Lora Conrad profiles a weedy native plant that favors disturbed ground.
Known variously as American Burnweed or Fireweed or Pilewort, Erechtites hieraciifolius (Senecio hieraciifolius is an earlier synonym) is found throughout Iowa as well as states east of Iowa. The names burnweed and fireweed result from its penchant for occurring in recently burned areas.
Why the other common name? Well, some indigenous peoples extracted oil from the plant and used it to treat piles, also known as hemorrhoids, thus the moniker pilewort.
It is a native summer annual in much of the U.S., as well as Central and South America. With its penchant for disturbed soil, you may see it sprinkled about or exploding in great numbers in recently disturbed soils, replanted prairies, roadsides, open woods, and renovated wetlands. It follows human habitation and disturbance of the soil. While considered “weedy,” it is not invasive. It tends to fade away as new plantings get more established. Despite its obvious appreciation for replanted prairies and native status, it is not listed in the UI “Iowa Prairie Plants” online.
Until this year, I had rarely noticed it. When I did and it was young, I mistakenly thought it was just another wild lettuce. That is easy to do for as a young plant. In early July, as shown here, burnweed is a rosette of leaves with a single stalk. The leaves are alternating, and long, tender, with serrated edges. Unlike wild lettuce, it is not spiny.
But by early July, burnweed is a foot or more tall and buds are just beginning to show as little green lumps.
This year, a replanted prairie in Van Buren County that was entering its fifth year has exploded with burnweed along one edge, so there has been much to study. First, I had been distracted by the presence of hundreds of unexpected Foxglove Beardstongue plants. As they waned, I realized that those smaller lettuce-looking plants had grown up and were something else entirely.

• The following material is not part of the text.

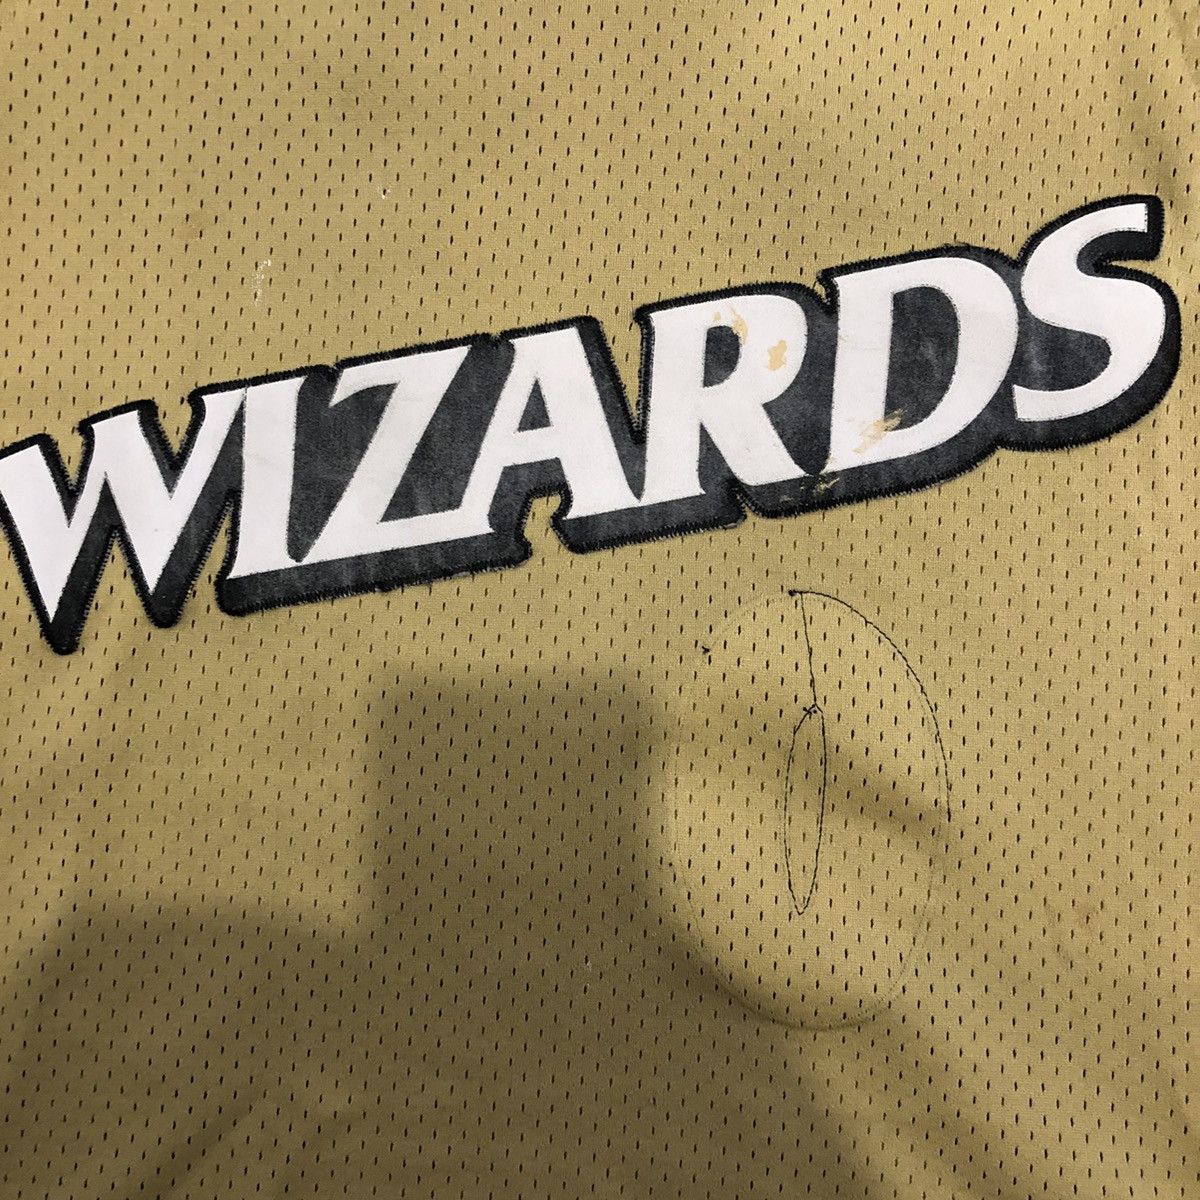 Adidas Vintage Adidas Gilbert Arenas Washington Wizards NBA Jersey Size US M / EU 48-50 / 2 - 5 Thumbnail

A plant growing amid the big bluestem and Indian grass is circled in the photo below, which I took in July. With its tender green leaves, it is still not very noticeable at two feet. At this point, with the plants largely unbranched but buds forming, it may look a lot like mare’s tail/horseweed. A look at the leaves will differentiate the two: the horseweed has long, slim leaves and is unbranched, whereas burnweed has serrated, wider leaves.
But by early August, buds are crowded together coming from the leaf axils at the top of every plant. As they get taller, they form side branches with open clusters of flower tubes. By this point, it may look a little like groundsel—a smaller, less common plant in Iowa with more lobed, shiny leaves.
By the first of September the plants are almost as tall as big bluestem seed heads! In ideal circumstances, burnweed can reach a height of ten feet. The tall plants will have multiple branching and clusters of blossoms at the end of each.
These two macro photos show the shape of the blossom tube which is held upright and is close to an inch in length. The bit of yellowish-brown fuzz is all you see of the disk flowers that barely extend beyond the tubes. The plant wastes no energy on bright colors and flashing petals to attract pollinators, focusing instead on the development of hundreds of seed capsules, each with its own thin, silky thread or pappus to carry it away later.
When the blossom is torn open at this stage, you can see the gossamer white threads of the pistillate florets from the tip of the blossom down to the developing seed capsule, still pale yellow at this time.
As they begin to ripen, the white threads burst out on their own as shown in this photo of the first one on this stalk to begin to open.
Seeing the seed head fully open, your first thought may be: “A tall dandelion?”
But no, it’s the beginning of the explosion of hundreds of white puffs mixed in among the big bluestem and Indian grass, where they are now five to eight feet tall.
By mid-September, burnweed has come into its own—hundreds and hundreds of white puffy balls springing open, dispersing their white hair and seeds with each puff of wind.
By early October, the show is over—all that remains are the spent plants with tan flat disks hung with streamers of brown dried bracts, looking like tiny brown jellyfish.
Now a few side notes. First of all, burnweed is an edible plant when leaves are young and tender—well technically so. It is not poisonous but has rather a strong flavor. Small nips of it as an herbal flavoring with mangoes, peaches, and/or tomatoes is appreciated by some. If you like cooked greens, you might try the young tender leaves sauteed as you would young spinach, though the taste is said to be strong.
While indigenous peoples did not often use this plant as food, it was used medicinally. A strong decoction was used to treat poison ivy rash. Its oil was used to treat wounds and the aforementioned “piles.” None of the early uses have made it into modern medicinal use.
Burnweed competes with some crops and is often considered a weed in pastures and hay fields. For replanted prairie areas, it is expected to decline on its own. Otherwise, it is considered relatively benign and is easy to pull up as it has shallow roots and a short, brittle taproot.
We will end with a photo of the soft beauty as the breeze releases the seeds to their destiny. Too beautiful for me to call it a weed, so enjoy it while it lasts.